Of course, one way to assess brain function is to observe behavior. But measuring and characterizing behavior—really measuring it, in correct, consistent and useful ways—is not easy.

"What we're trying to do is boil down behaviors to something clearly defined," says Chesler. "How do you define behaviors and disorders when they're not distinct? It's kind of a gray morass."

Chesler became acutely aware of just how difficult it is in the psychology lab at Illinois. She was gathering data on behavior, but what were the experiments really measuring?

"When I quantified all the measures of a single behavior ever taken in my advisor's lab, I found the data were more influenced by who did the experiment than the genetics of the mice he or she used," she says. "It was then that I decided to go beyond simple mapping of the genetic influences on behavior and initiated my first large-scale data mining."

Into the gray morass

Chesler concluded that conventional behavioral neuroscience never has enough numbers. That's an important reason why she was pulled toward research and away from medical practice. As an M.D./Ph.D. student, she faced a choice. She could work with a situation in which she felt both the methods of observing and measuring behavior, and the tools—the mice being observed and measured—needed improvement. Or she could work to improve the situation.

Chesler chose the latter path. She was, in her words, "fired up" after graduate school, to the point that she kept on with her research and never did complete medical school. So she set to work on method and resource development, from which she could obtain better data. And she needed huge amounts of data. The term "big data" is common now, but in the late 1990s she was entering a new field, one now called bioinformatics.

"I was looking at complex behaviors like addiction," says Chesler, "and I wanted to find the behavioral pathways and quantify the disturbances in them. But how can you separate out something like anxiety from addictive behavior when they are both present?

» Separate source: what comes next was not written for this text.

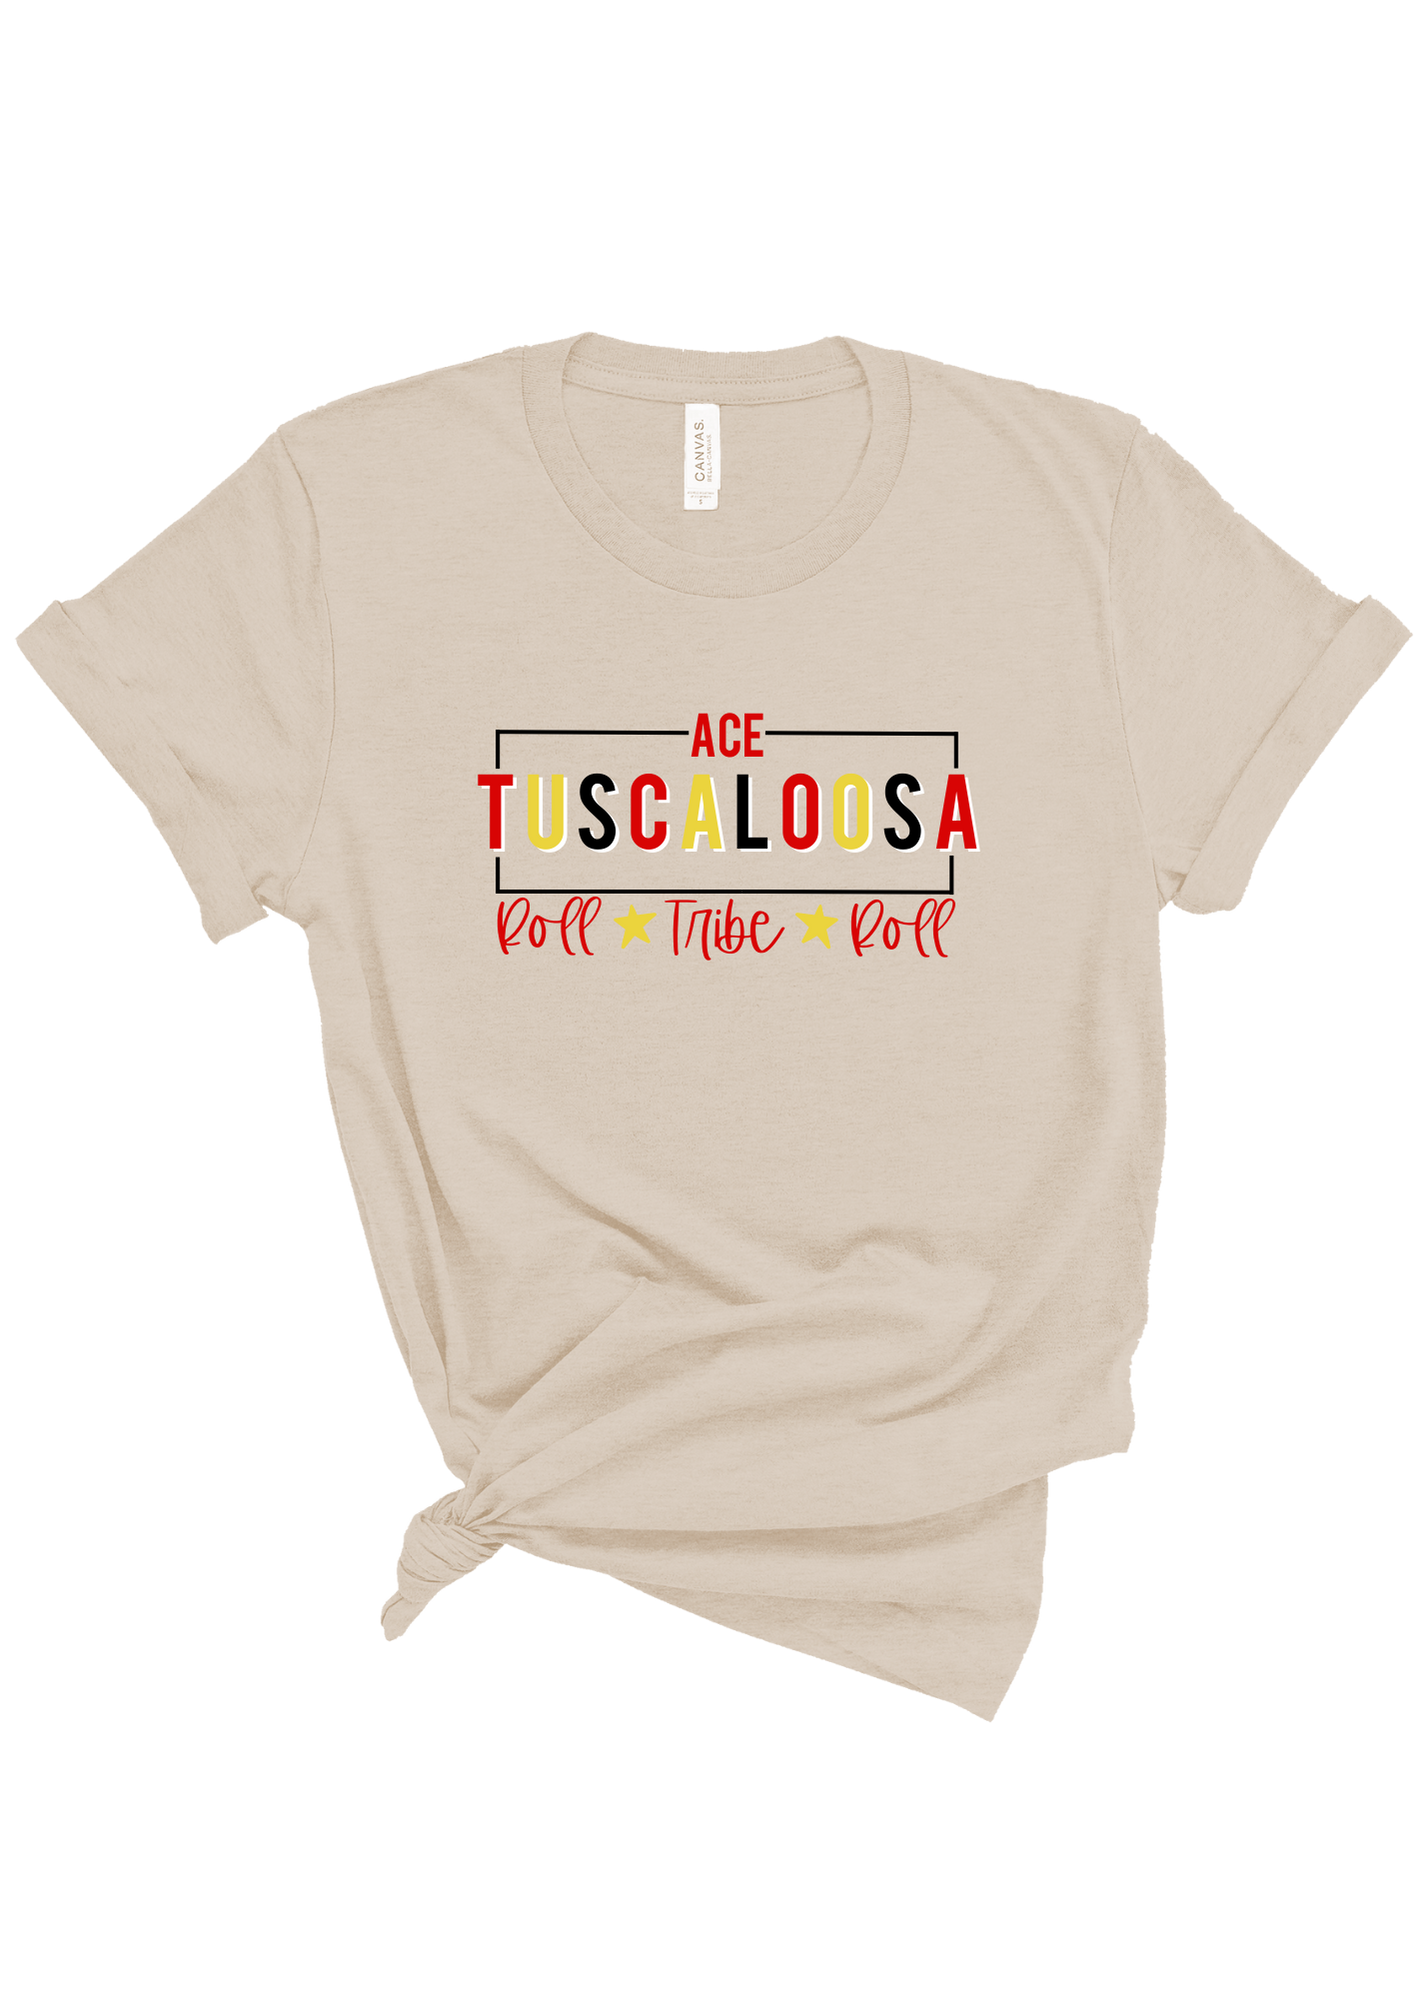 ACE Tuscaloosa | Adult Tee-Adult Tee-Sister Shirts-Sister Shirts, Cute & Custom Tees for Mama & Littles in Trussville, Alabama.

Does one cause or strengthen the other? How do they relate? I needed to generate massive data sets about both behavioral traits and gene expression so the two could be analyzed and accurately correlated."

The resource development took shape in Chesler's early involvement with the Collaborative Cross (CC) project. The CC is a large-scale effort to develop a large panel of mice with precisely characterized genetics—and genetic variations—spearheaded by an international consortium of investigators including Jackson Laboratory Professor Gary Churchill, Ph.D. Chesler first worked on the project as a post-doc at the University of Tennessee, then led the production of the U.S. component of the population as a staff scientist and group leader at the Oak Ridge National Laboratory before coming to The Jackson Laboratory four years ago. During that time, a large part of her effort has involved work with the CC and other mouse model systems.

Now the improved tools and methods are starting to provide insights, both in Chesler's own work and in the work of other researchers throughout the world. Striking advances in genome technologies in the last decade are accelerating progress. But as gratifying as the progress is, the road to better medicine and better human outcomes remains unpredictable.

How can we work with genetics, biology and chemistry to overcome the tiny disruptions in the system that lead to mental health issues? It's a big question that Chesler is committed to answering. But perhaps it's not surprising that she seeks a different perspective on things from time to time.

"Even when you think broadly about biology, it's a very small world," she says, gesturing to her computer monitor. "Outside in the vastness, looking through my telescope, I get a sense of the huge system in which we are such a small part. And while all the online tools and Hubble images are nice, I like to go out there and find things myself, like a treasure hunt."